> PROMPT
Repeat the data that follows exactly, starting at the line with "This graceful little" and ending at the line with "Dimensions: 7 1/4", and leave out every picture.
[INFORMATION PROVIDED Boundary: Start]
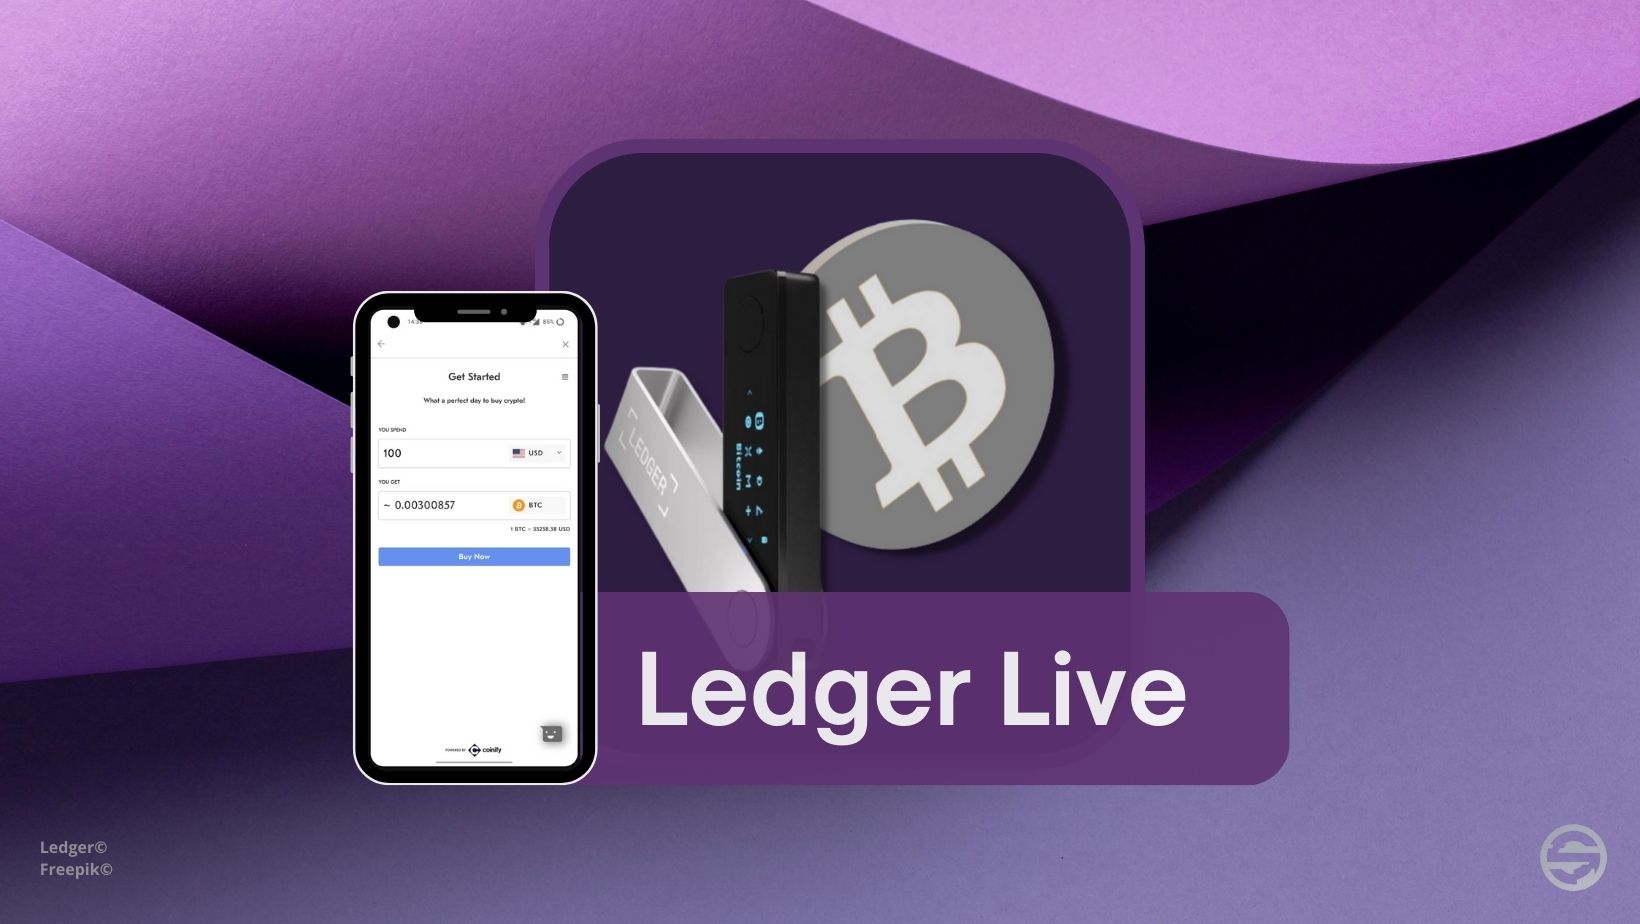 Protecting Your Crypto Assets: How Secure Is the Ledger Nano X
[INFORMATION PROVIDED Boundary: End]
[INFORMATION PROVIDED Boundary: Start]
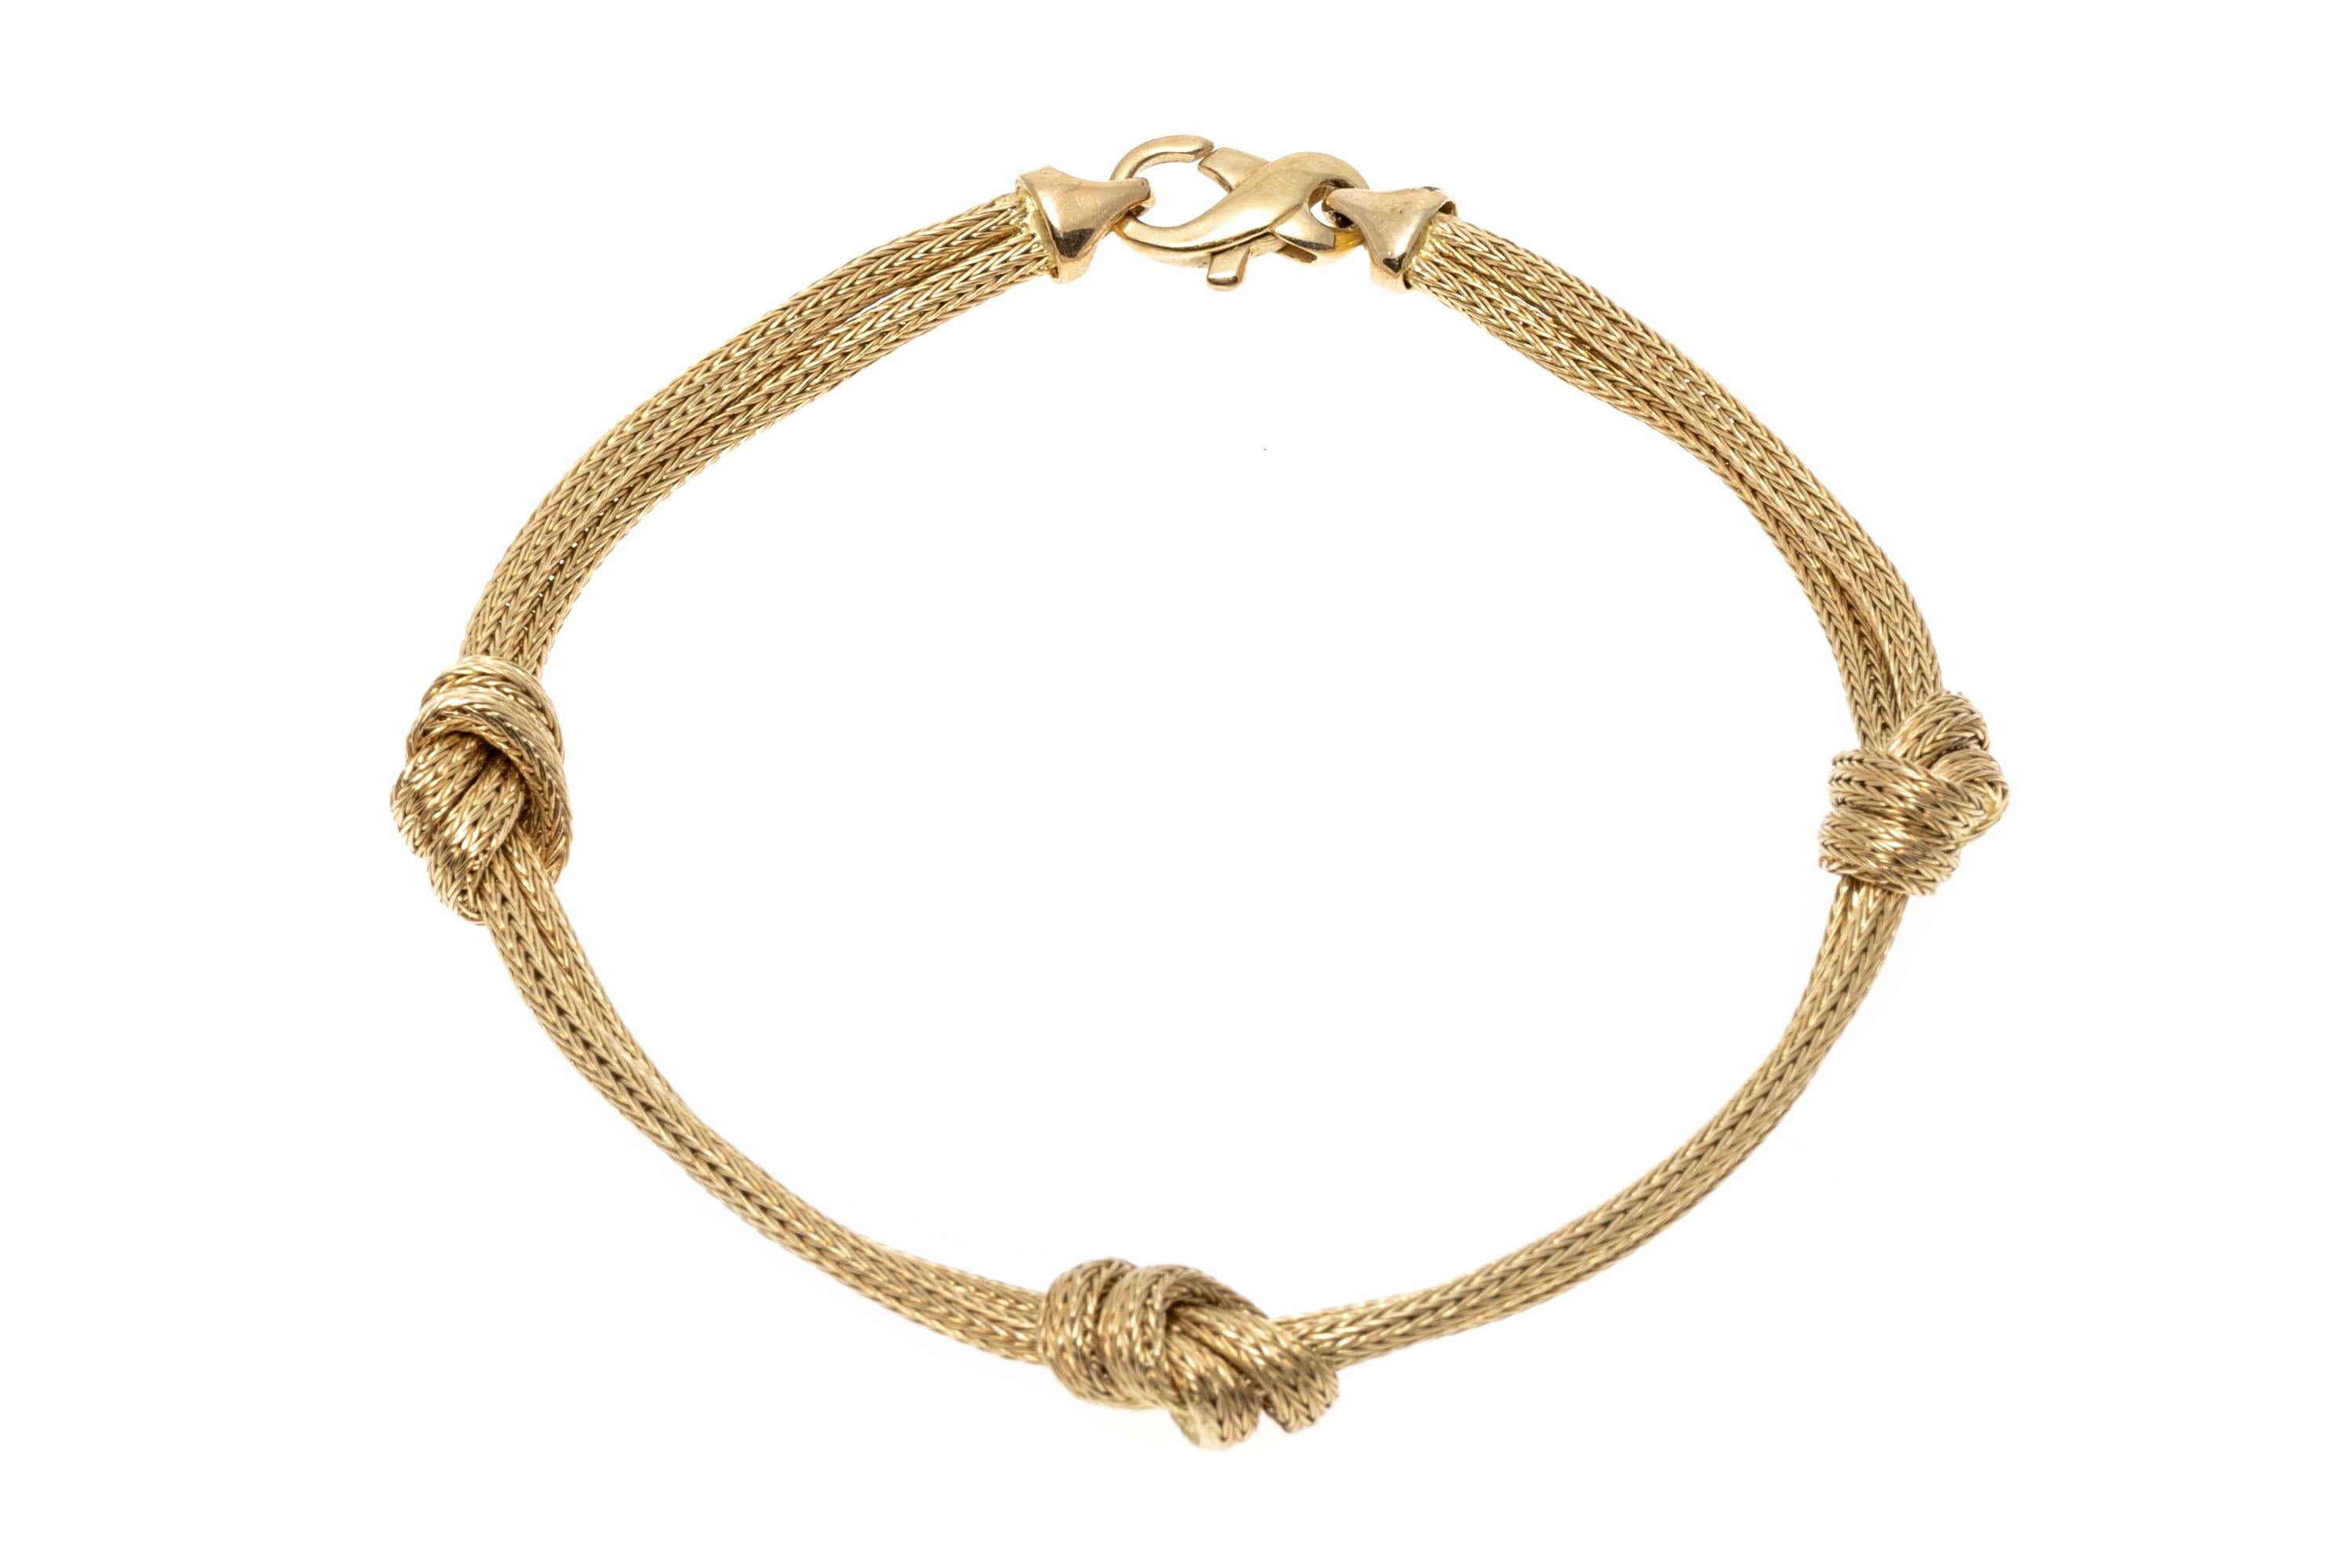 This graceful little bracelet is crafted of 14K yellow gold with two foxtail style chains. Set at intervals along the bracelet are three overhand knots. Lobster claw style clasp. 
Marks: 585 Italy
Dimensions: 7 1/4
[INFORMATION PROVIDED Boundary: End]
> RESULT
 This graceful little bracelet is crafted of 14K yellow gold with two foxtail style chains. Set at intervals along the bracelet are three overhand knots. Lobster claw style clasp. 
Marks: 585 Italy
Dimensions: 7 1/4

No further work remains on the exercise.